What work on urban life and mental disorder comes closer to Galea’s causal architecture by seeking to identify mechanisms? We can review seven strategies.
Strategy 1: Include everything: ‘NEM III R’
How can we link the huge scale differences between urban political economy and molecular biology that might be involved in urban mental health? The NEM III R (Network Episode Model) of the causes of mental disorder has been developed by sociologist Pescosolido over the last 25 years. Starting from a fairly simple model of patient networks, demographics and support systems (1991), she has extended it in NEM II to include the treatment system, and in NEM III to include the biological system (Pescosolido 2006, 2011; Perry and Pescosolido 2015).
This approach was developed explicitly to integrate the biological and social, through the specification of four basic requirements:
“Consider and articulate the full set of contextual levels documented to have impact.
Offer an underlying mechanism or ‘engine of action’ that connects levels.
Employ a metaphor and analytic language familiar to both social and natural science.
Understand the need for and use the full range of methodological tools”. (Pescosolido 2006, p. 194).
The model broadly includes a time dimension covering an individual’s life course, and a number of analytic levels, connected by networks, ranging across the biological, personal, social and system levels. In this sense, it is widely inclusive, but although the NEM model is strong in sensitising us to all the factors and levels which might be important, it is less clear about how to determine which mechanisms are the key ones. This is not just an empirical issue, as it is still not clear where to look. Pescosolido’s answer is to follow the actors and their networks:
the entire process is dynamic, constituted, and embedded in individuals’ social networks. What individuals know, how they evaluate the potential efficacy and suitability of a range of options and providers, and what they do (in what order and under which “tone”) are fundamentally tied to, negotiated in, and given meaning through social interactions. (Pescosolido 2011, p. 45)
However, it should be noted that ‘social interactions’ is still biology-light. Actors here do not include the materialities of molecules, cells, membranes, and biological systems and structures. Despite her claim to the contrary, Pescosolido’s approach is really quite thin on biology, and it occupies relatively little space in her work.
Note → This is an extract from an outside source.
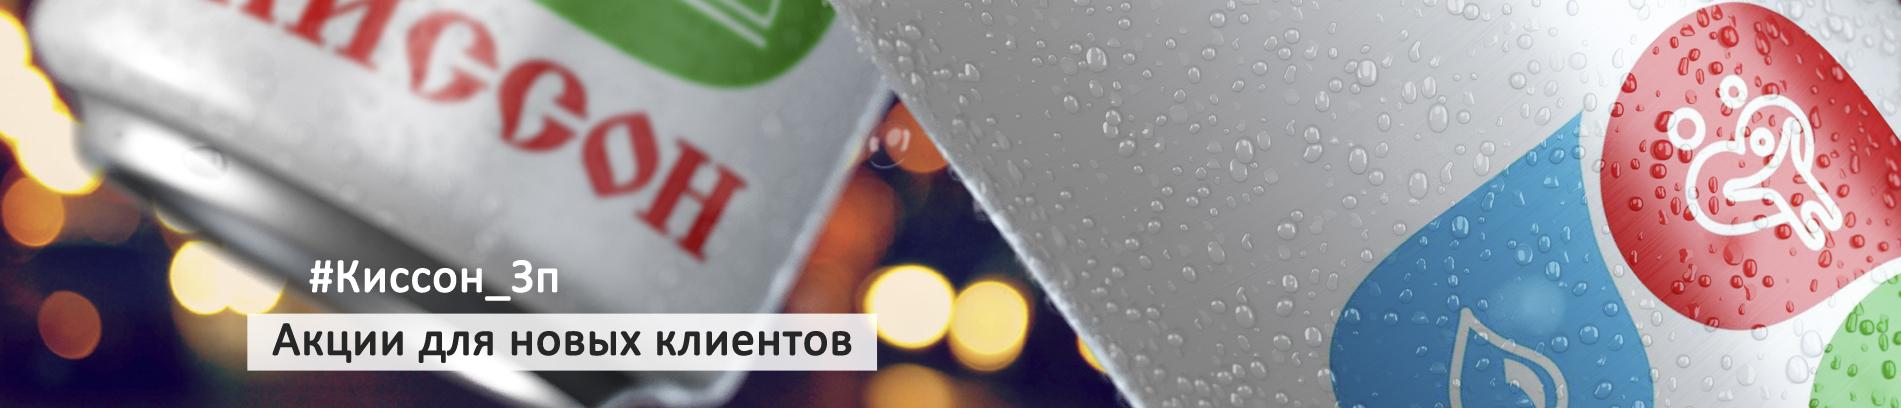 "ТМ ""КИССОН"" | Доставка воды Киссон в Запорожье"

She does not follow the actors ‘all the way down’ in the way so notable in actor network theory (Latour 2005, p. 52).
Strategy 2: Cut through on a clear path: SES as a ‘fundamental cause’
NEM excels at bringing all possible factors to bear, but how do we find the network connections between levels that are active mechanisms? An alternative strategy is to cut a clear path through the myriad of possible factors with one major explanatory mechanism. This was proposed by Link and Phelan with the idea of ‘fundamental cause’.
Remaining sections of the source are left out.